The lobby of the hotel, while conveniently to-the-point for men and women traveling for business, offers no opportunities for chance meetings or room for gathering. One chair with a small end table faces the front desk. The whole place is quiet. There are no pools or children running up and down the halls to distract guests. Each room has the usual bed, desk and bathroom. Then there’s an extended kitchenette complete with a fridge, sink and stove. While the latter facilities makes the rooms operational enough, the hotel’s location leaves nothing for holiday-left-behinds to do but cruise the mall and hope to catch a bus back to town.

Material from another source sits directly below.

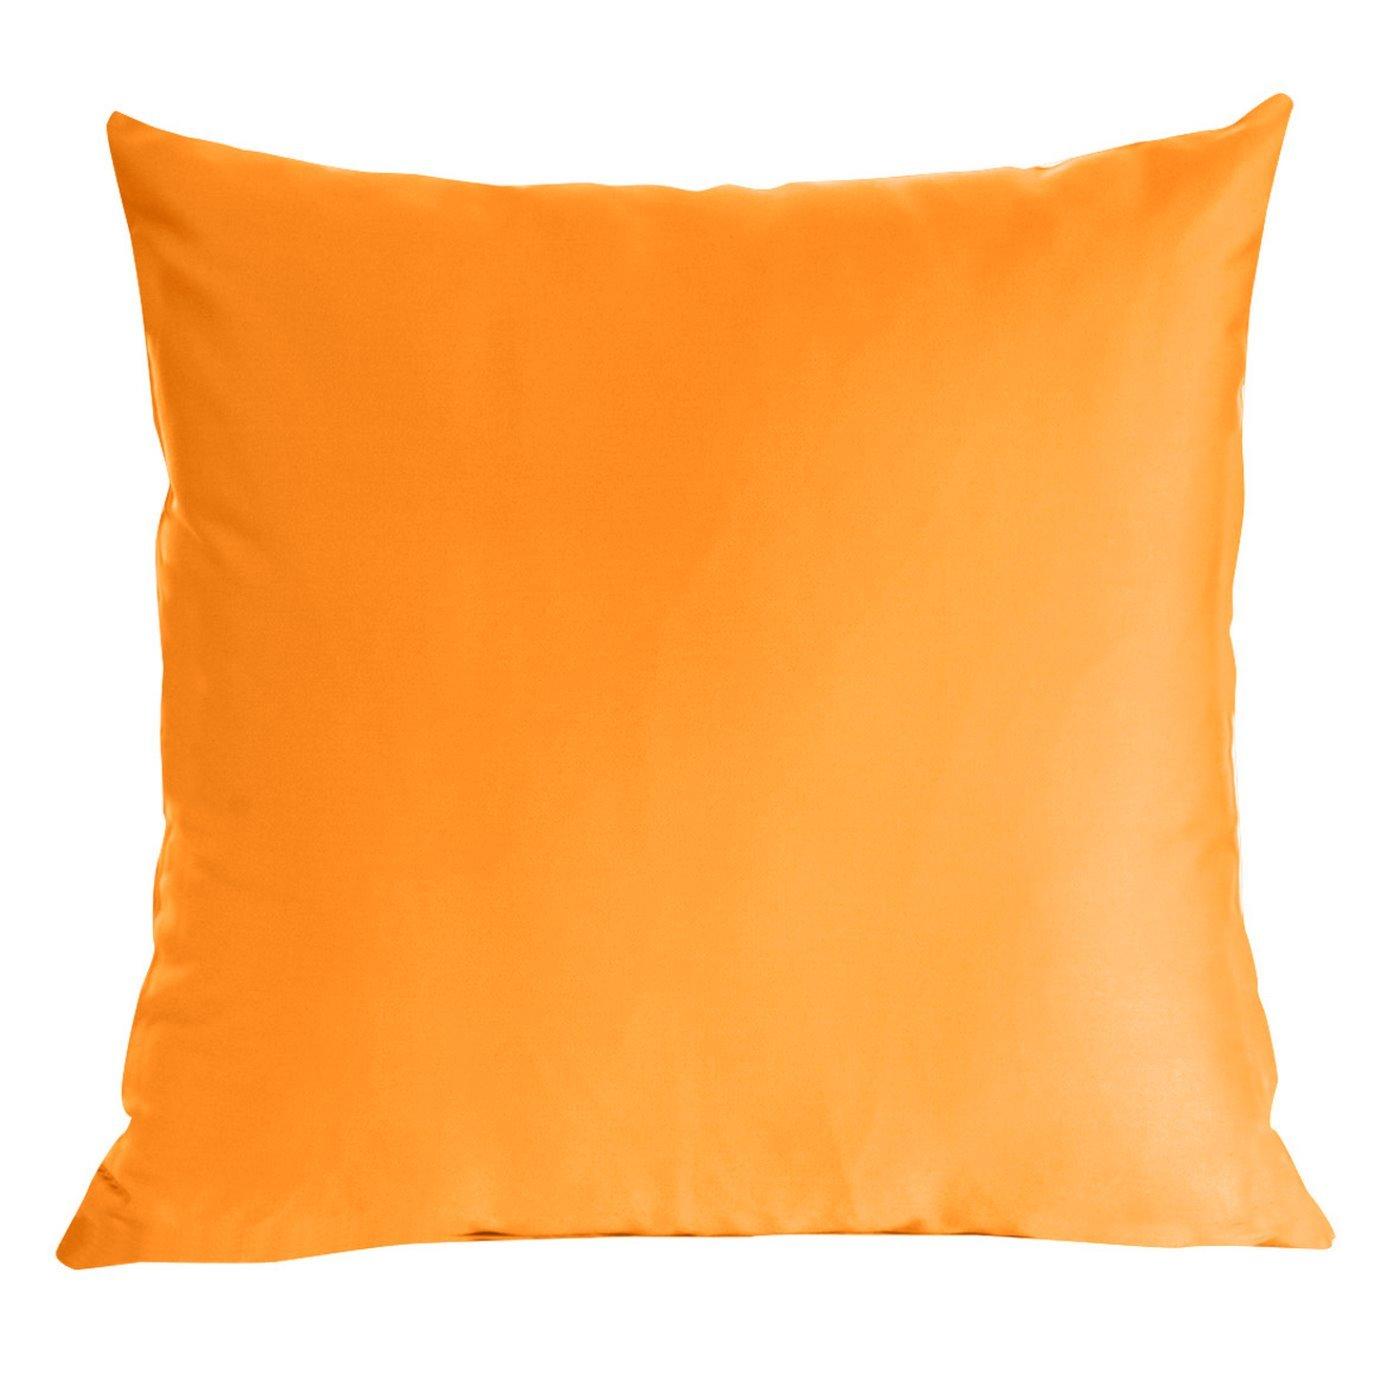 Poszewka na poduszkę pomarańczowa gładka 40 x 40 cm

Of course, even taking a bus back to campus won’t provide much respite from monotony. During break, where once were whisking bikers might as well had tumbleweeds. The sidewalks that usually guide inappropriately clothed walks of shame, serviced nothing but morning jogs. Ann Arbor turns into a veritable no-man’s land, said Engineering senior Tanut Sukhumdhanakul, who stayed in his apartment during the entire break.

“It’s really quiet,” he said. “You can’t really do anything. I didn’t really do anything.”

The decision to stay in Ann Arbor was because of difficulty justifying the money and time for a 24-hour flight to Thailand for just a two-week visit, Sukhumdhanakul said.

Instead, Sukhumdhanakul played in the snow as much as possible, engaging in snowball fights and building snowmen with his few friends who stayed. Besides an escape up north to go snowboarding for a few days, he spent the bulk of each day playing Halo 3.

Sukhumdhanakul and friends hosted Christmas and New Year Eve parties, small affairs that are likely faint renderings of the epic holiday escapades campus would create if its students were allowed to spend two weeks without classes together in Ann Arbor.

But since a two-week Ann Arbor party is out of the question, the option for students looking to avoid a frozen ghost town is travel.

LSA sophomore Erina Uozumi said she went home to Japan over break, but said the most popular decision for international students is to travel – often to landmark American cities.

Uozumi, along with many other international and otherwise home-barred students, agrees that when it comes to Ann Arbor over break, if you can’t go home, get out of dodge.